**TASK TO COMPLETE**
Copy, from the data below, every line that has "Shoulder" in it.
Top of DATA TO PROCESS
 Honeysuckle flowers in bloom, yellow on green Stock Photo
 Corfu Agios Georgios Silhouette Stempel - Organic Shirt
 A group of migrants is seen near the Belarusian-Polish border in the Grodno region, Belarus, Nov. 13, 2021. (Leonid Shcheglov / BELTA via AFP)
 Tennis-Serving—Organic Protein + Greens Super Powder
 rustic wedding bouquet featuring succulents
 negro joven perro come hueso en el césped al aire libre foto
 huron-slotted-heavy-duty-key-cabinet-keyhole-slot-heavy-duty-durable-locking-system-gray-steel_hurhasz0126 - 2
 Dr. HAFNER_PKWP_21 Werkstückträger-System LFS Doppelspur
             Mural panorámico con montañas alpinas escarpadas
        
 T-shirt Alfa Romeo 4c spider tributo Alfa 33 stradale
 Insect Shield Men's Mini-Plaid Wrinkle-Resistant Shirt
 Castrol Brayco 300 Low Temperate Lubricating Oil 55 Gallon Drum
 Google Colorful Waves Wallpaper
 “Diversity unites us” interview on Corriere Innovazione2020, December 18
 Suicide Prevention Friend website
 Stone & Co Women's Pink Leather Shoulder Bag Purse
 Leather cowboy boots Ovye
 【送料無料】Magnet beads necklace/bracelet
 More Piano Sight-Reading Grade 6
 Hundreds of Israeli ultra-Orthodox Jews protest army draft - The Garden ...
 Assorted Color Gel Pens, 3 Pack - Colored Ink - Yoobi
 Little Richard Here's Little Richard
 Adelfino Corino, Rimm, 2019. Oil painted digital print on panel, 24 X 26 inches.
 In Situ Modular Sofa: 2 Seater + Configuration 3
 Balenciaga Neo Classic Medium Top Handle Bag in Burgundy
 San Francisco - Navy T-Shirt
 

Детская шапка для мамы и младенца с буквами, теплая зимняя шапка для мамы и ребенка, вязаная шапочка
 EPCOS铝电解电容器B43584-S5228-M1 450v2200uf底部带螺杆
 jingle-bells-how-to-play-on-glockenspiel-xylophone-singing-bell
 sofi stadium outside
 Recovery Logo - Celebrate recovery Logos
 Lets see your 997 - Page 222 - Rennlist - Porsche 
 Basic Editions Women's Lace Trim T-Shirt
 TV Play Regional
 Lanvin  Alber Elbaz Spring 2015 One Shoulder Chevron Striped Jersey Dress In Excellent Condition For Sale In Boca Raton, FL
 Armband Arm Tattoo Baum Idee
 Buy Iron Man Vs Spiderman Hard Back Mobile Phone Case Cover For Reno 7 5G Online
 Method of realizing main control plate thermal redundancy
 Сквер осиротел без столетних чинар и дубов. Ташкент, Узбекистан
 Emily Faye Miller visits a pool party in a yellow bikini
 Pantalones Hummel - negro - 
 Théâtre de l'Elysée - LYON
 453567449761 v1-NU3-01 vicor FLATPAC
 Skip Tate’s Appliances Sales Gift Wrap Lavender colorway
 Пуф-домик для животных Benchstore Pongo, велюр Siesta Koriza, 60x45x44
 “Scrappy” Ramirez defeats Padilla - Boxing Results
Bottom of DATA TO PROCESS
**RESPONSE AREA**
 Stone & Co Women's Pink Leather Shoulder Bag Purse
 Lanvin  Alber Elbaz Spring 2015 One Shoulder Chevron Striped Jersey Dress In Excellent Condition For Sale In Boca Raton, FL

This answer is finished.